Democrats have proposed anti-trash legislation that includes increasing the dumping charge from 21 cents per ton - the lowest in the region - to $7.50 and banning new landfills until 2010. McDowell is sponsoring a bill that would make it easier to enforce laws regulating trash entering Michigan landfills. His district includes Dafter, which began accepting Canadian garbage in 2004.
"Our bills will help protect the way of life we treasure in the Upper Peninsula," McDowell said. "Attacking the economics of the trash trade is the best way to fight trash. We cannot pin our future on the faint hope that Congress will act to protect the Upper Peninsula."

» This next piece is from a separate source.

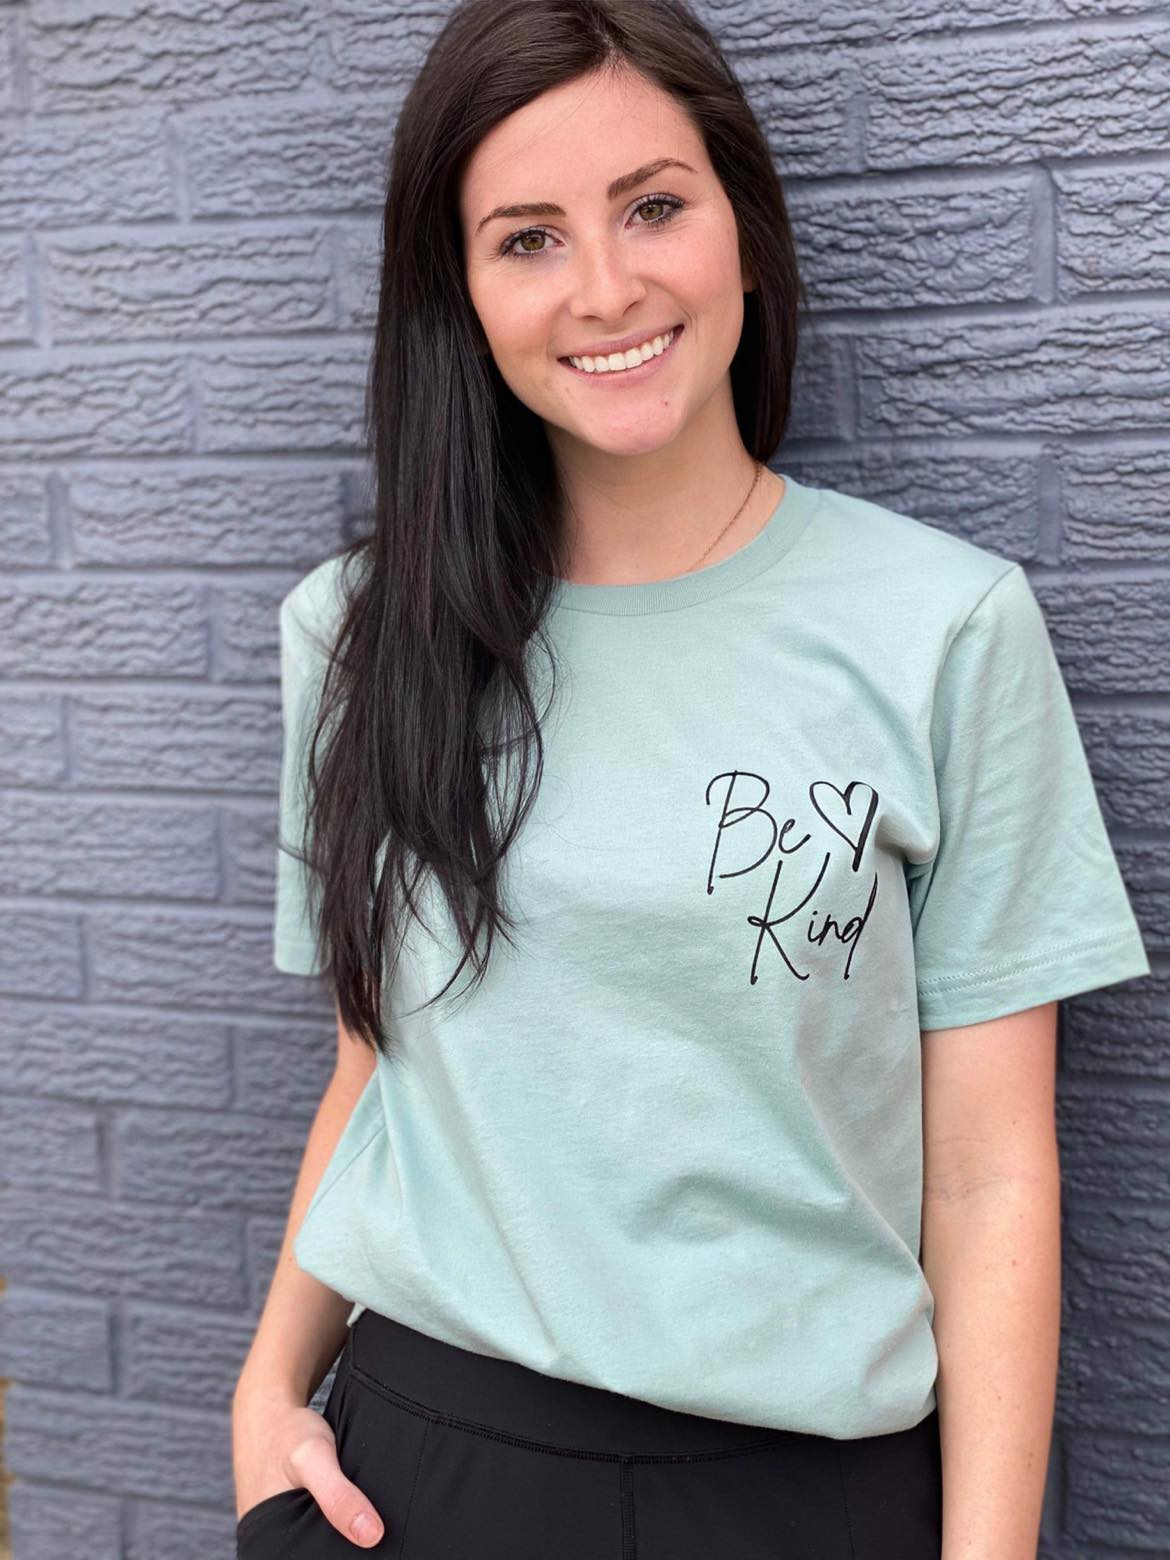 Be Kind Dear Person Behind Me Tee
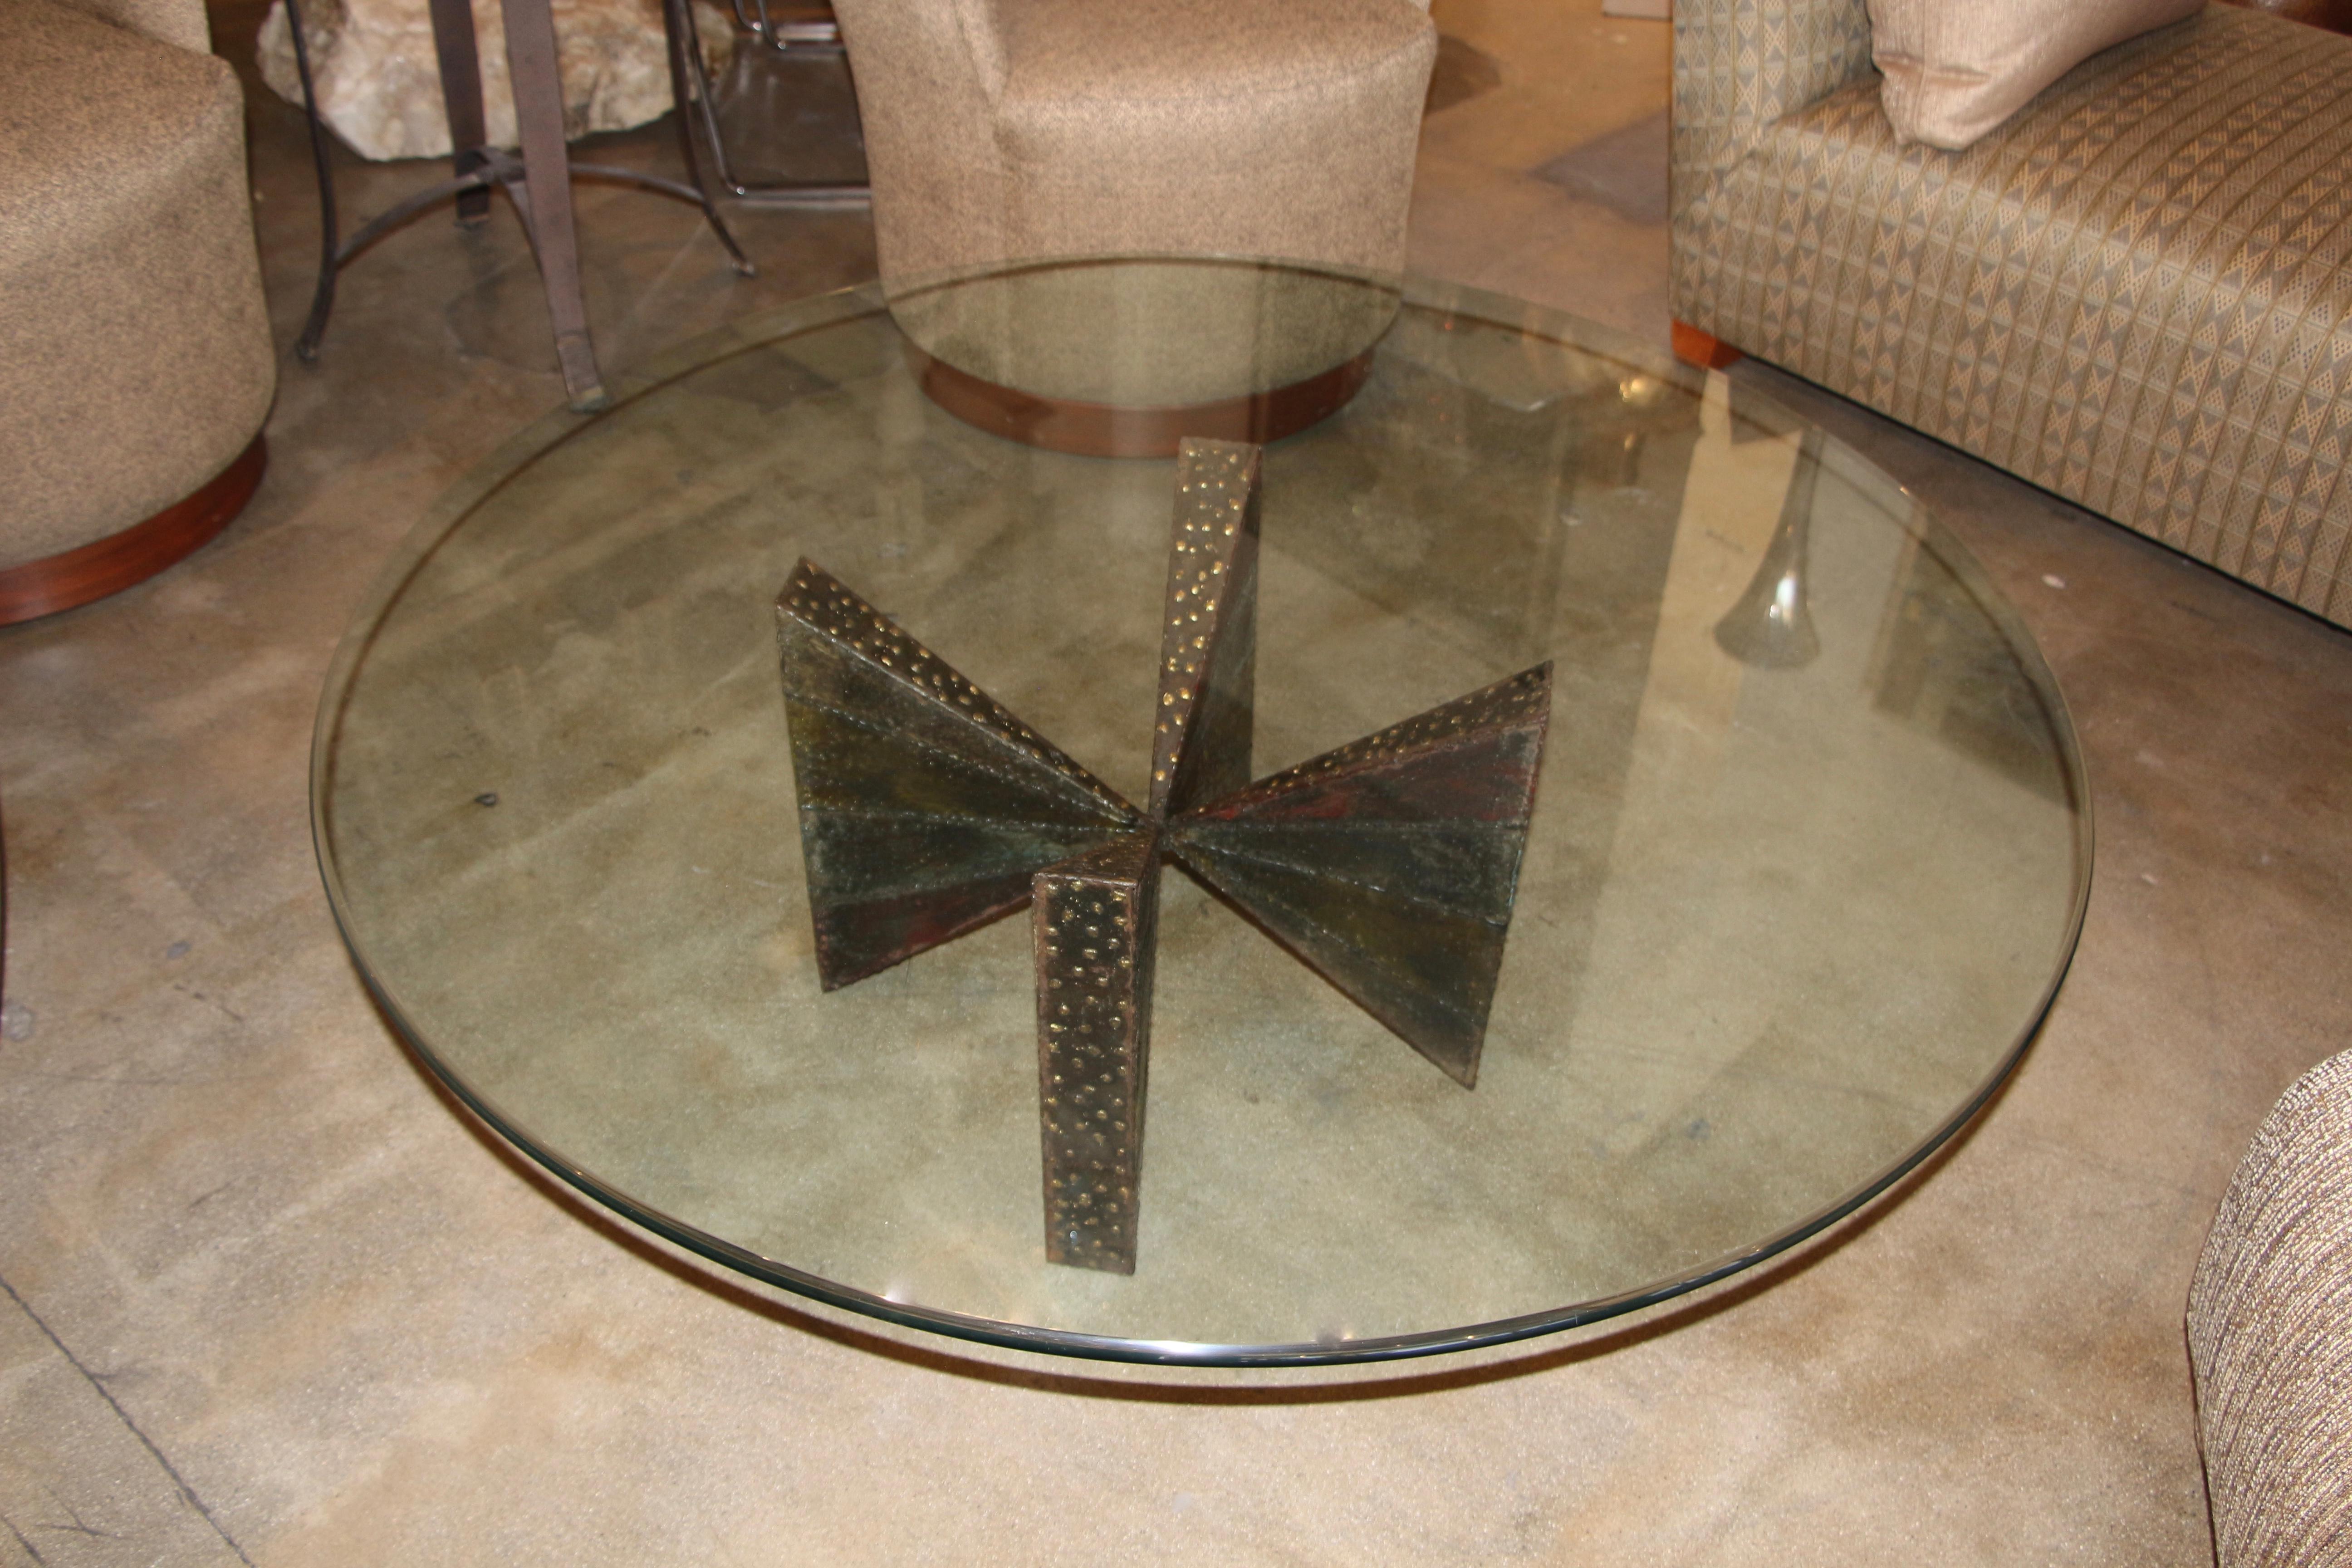 A nice coffee table base by Paul Evans for Directional, monogrammed and dated 1967. has a 48 inch piece of glass on it. sells with or without the glass buyers choice. Nice color and patina with gold color brass/bronze accents. There is a some rust

The Republican plan unveiled to fight Canadian garbage kicks in only if Congress gives states the green light to block foreign garbage, something that has never happened. It is uncertain if and when Congress will pass bills giving states such power. The Republican plan fails to address trash from other states, such as Wisconsin and Illinois, which made up a third of imported trash in Michigan in 2004.
Republicans have repeatedly blocked the Democratic anti-trash bills from reaching the House floor for a vote. When the bills were first introduced in May, news media reported Republicans as saying that Canadian and out-of-state trash was only a "perceived problem."
Around 4.2 million tons of trash have entered Michigan from Canada and other states since Jan. 1, according to the trash-measuring device, the Trash-O-Meter (www.trash-o-meter.com.) In 2004, Michigan took in more than 6 million tons of Canadian and out-of-state trash - 17 percent more than in 2003, according to the Department of Environmental Quality.